Фрезенбург, топая по снегу, пошел в свою роту, стоявшую по соседству в разрушенном селе. Гребер смотрел ему вслед, пока тот не исчез в сумерках. Потом побрел обратно. Возле церкви он увидел темный силуэт собаки; завешенная плащ-палаткой дверь открылась, пропустив полоску света. Скудный свет показался ему теплым, можно было даже вообразить, что ты на родине, если не знать, для чего его зажгли. Гребер подошел к псу. Тот отскочил, и Гребер увидел, что искалеченные статуи Марии и Христа стоят в снегу. Рядом валялся сломанный велосипед. Их вынесли из церкви, где дорог был каждый уголок.

Он пошел дальше, к подвалу, в котором разместился его взвод. Над развалинами желтел слабый отблеск вечерней зари. Неподалеку от церкви лежали мертвецы. В талом снегу нашли еще трех, давнишних, убитых в октябре. Они размякли и уже почти смешались с землей. Рядом с ними лежали те, что умерли только сегодня после полудня, в церкви. Эти были бледные, враждебные, чужие, они еще не покорились.

4

Они проснулась. Подвал вздрагивал. В ушах стоял звон. Отовсюду валился мусор. За селом неистовствовали зенитки.

— Вылезай скорее! — крикнул кто-то из недавно прибывшего пополнения.

— Тише!
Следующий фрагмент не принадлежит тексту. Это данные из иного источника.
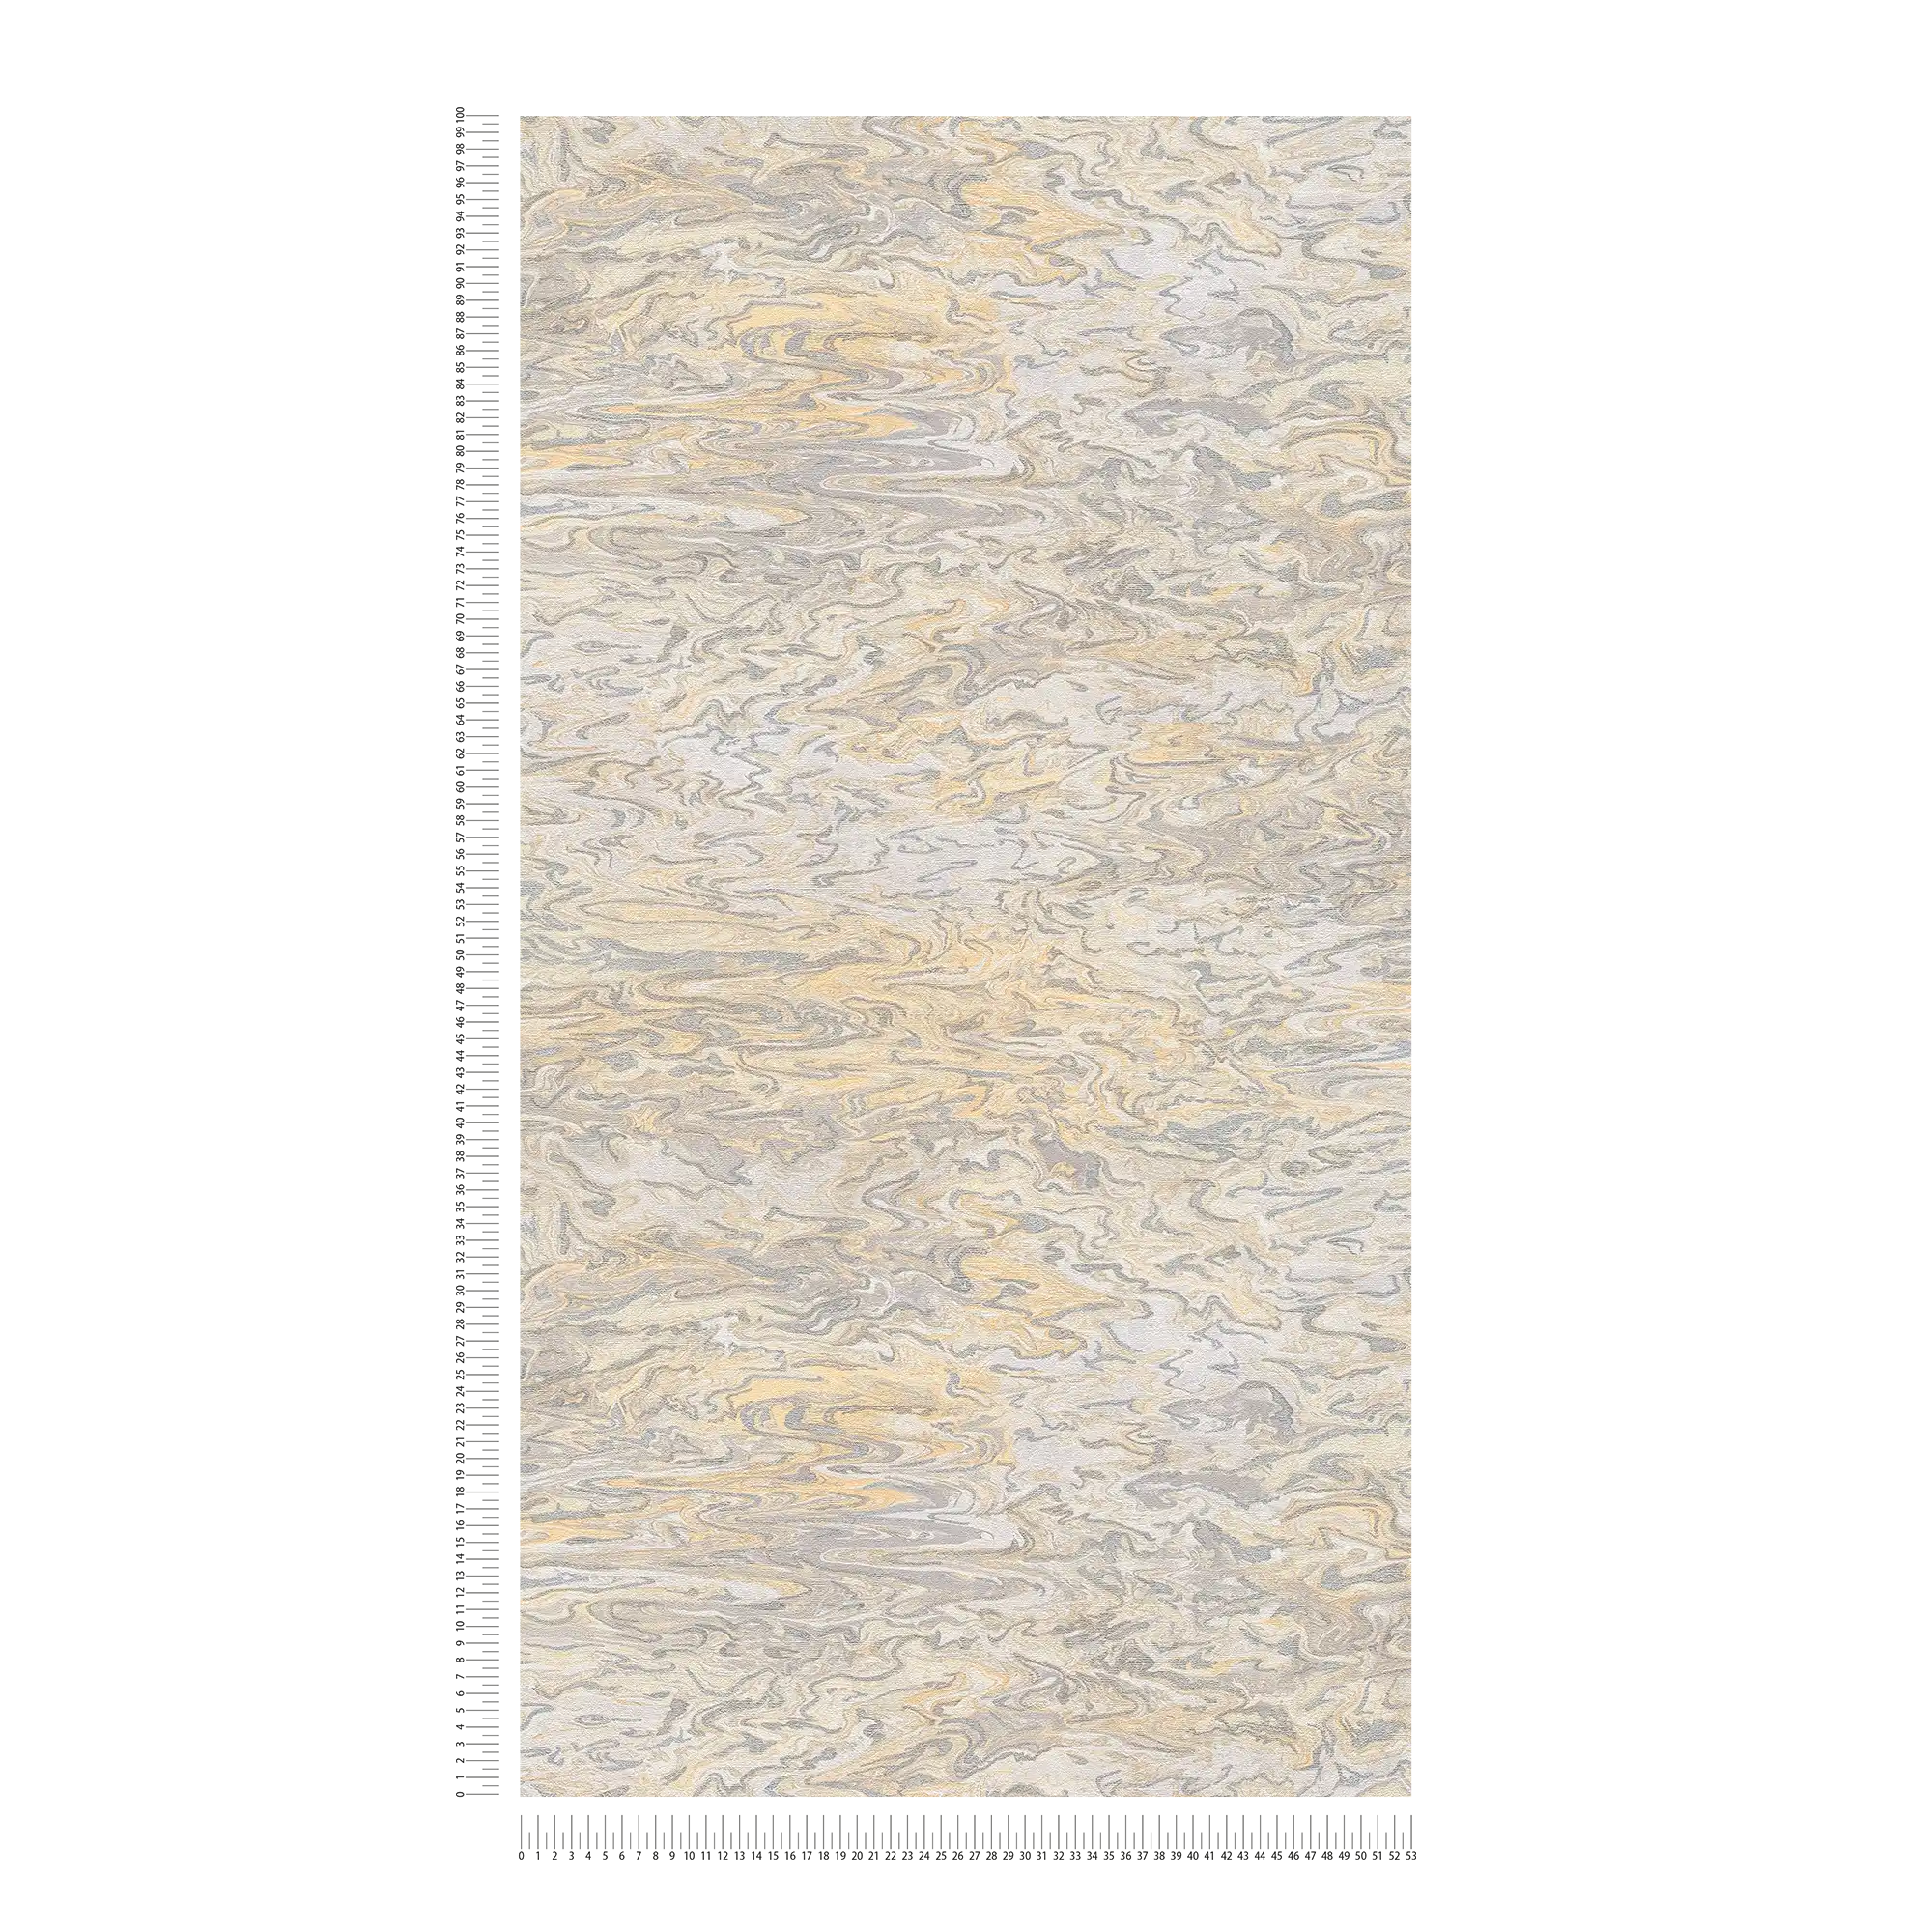             Papel pintado jaspeado diseño abstracto - beige, gris, crema
        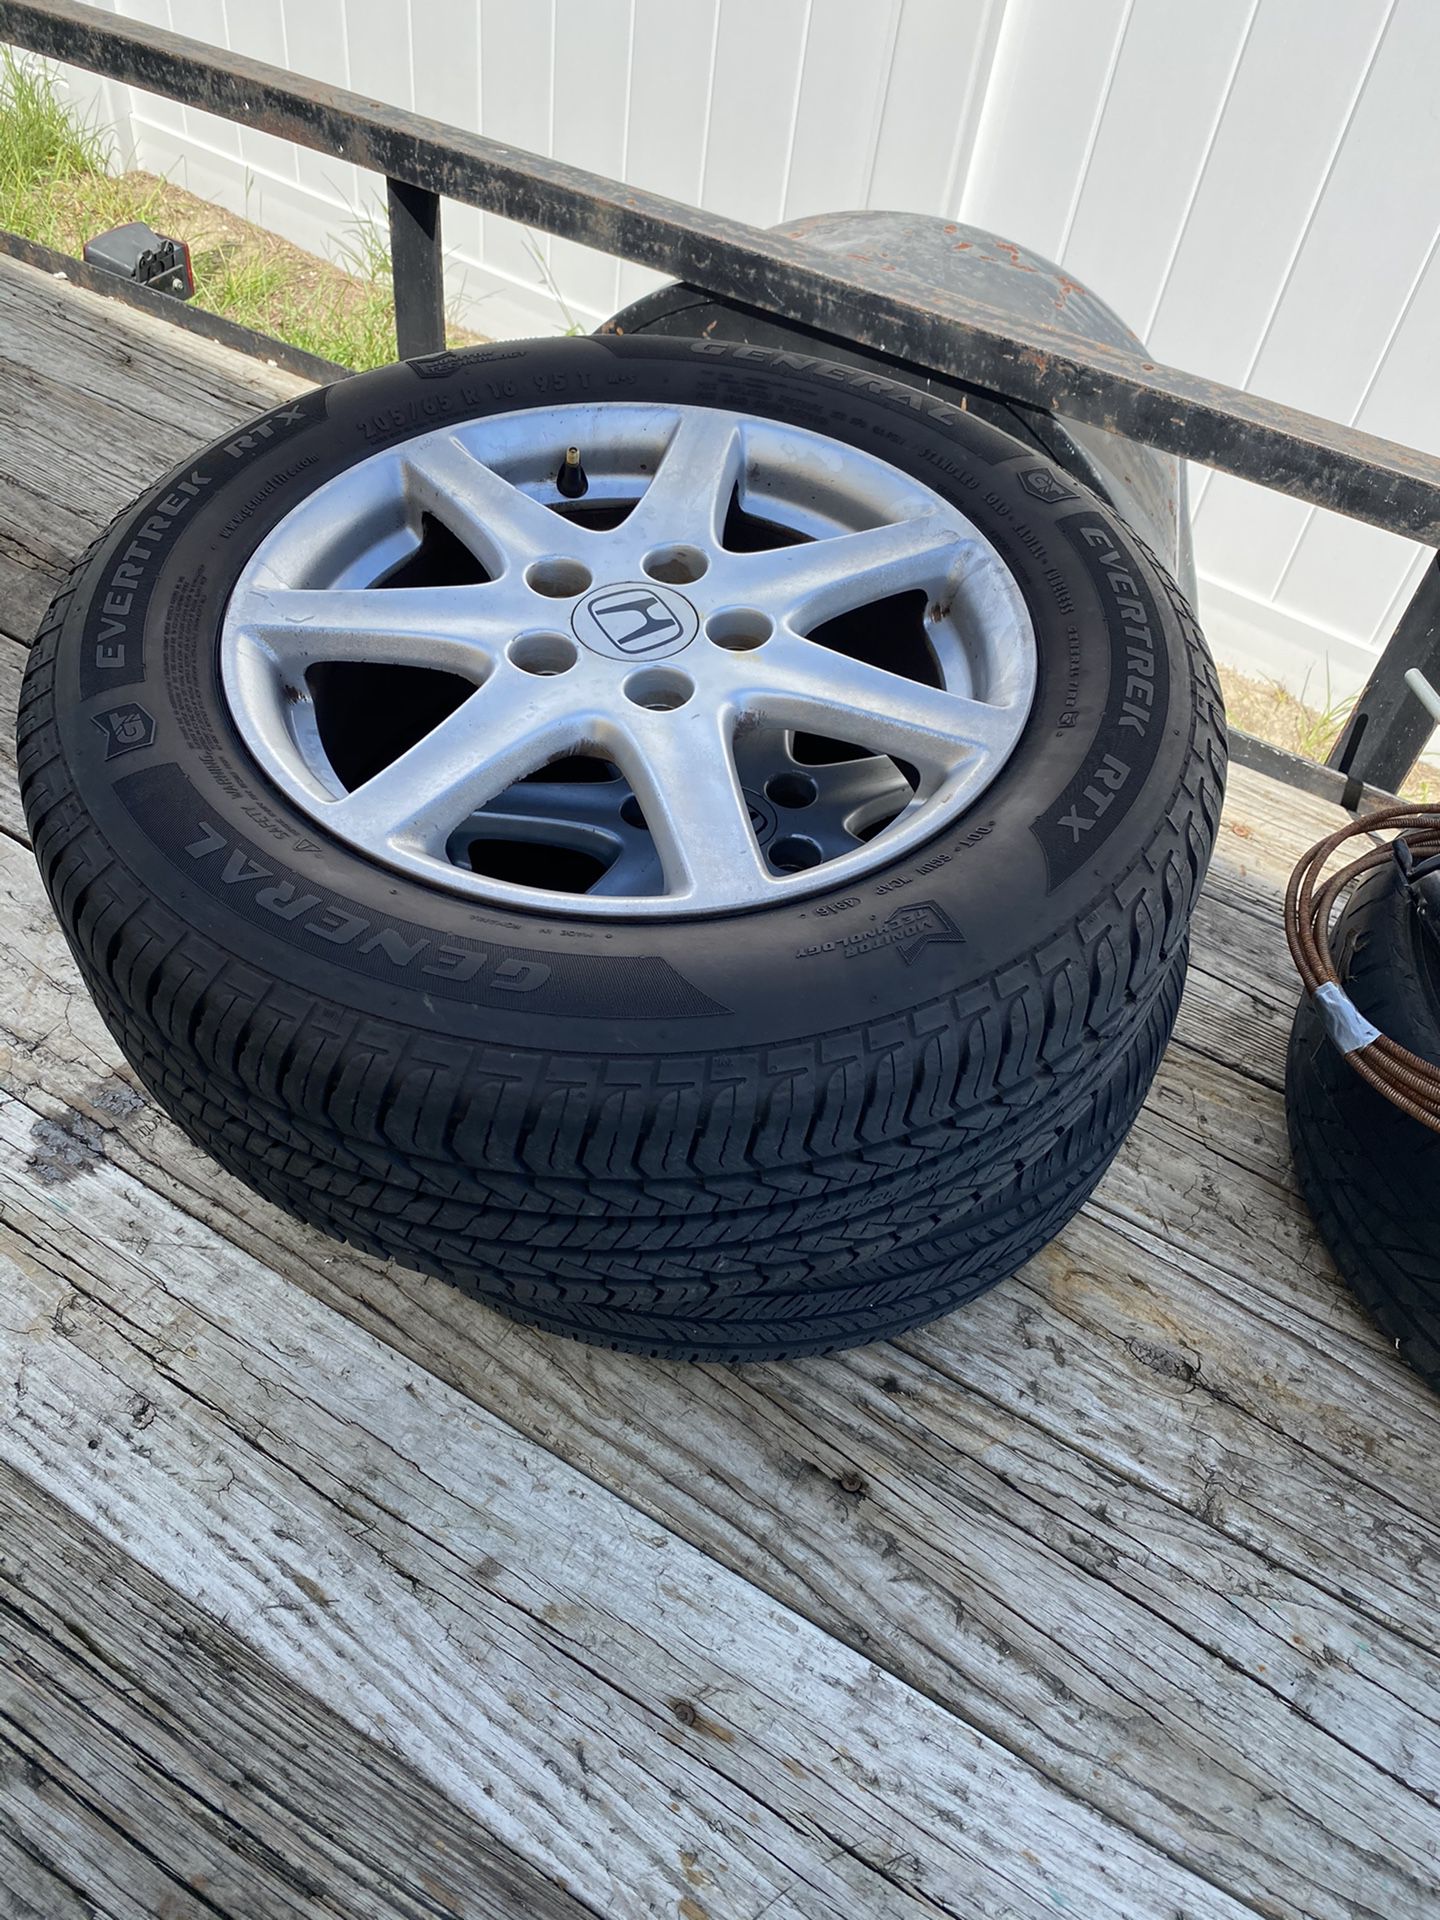 Honda Accord wheels and tires

Не зажигать огня!

— Вылазь из крысоловки!

— Болван! А куда? Тише! Какого дьявола! Новобранцы вы, что ли?

Глухим ударом снова тряхнуло подвал. Что-то обвалилось во мраке. С грохотом и звоном посыпались кирпичи, мусор, доски. Через пробоину в потолке видны были вспышки тусклых молний.

— Тут людей засыпало!

— Тише! Только часть стены обвалилась!

— Вылезай, пока не придушило!

На бледном фоне входа замелькали фигуры.

— Идиоты! — ругался кто-то. — Сидите уж! Тут хоть осколков нет!

Но многие и не думали об осколках. Они не надеялись на этот необорудованный подвал и были правы; впрочем, так же, как и те, кто решил остаться в нем. Все — дело случая; могло засыпать, могло и убить осколком.

Люди ждали, притаив дыхание; под ложечкой сосало: они ждали следующего попадания. Вот сейчас… Но его не было. Вместо этого они услышали несколько взрывов уже гораздо более отдаленных, быстро следовавших один за другим.

— Черт! — бранился кто-то, — где же наши истребители?

— Над Англией.

— Молчать! — крикнул Мюкке.

— Над Сталинградом! — сказал Иммерман.

— Молчать!

В перерывах между, лаем зениток вдруг донесся шум моторов.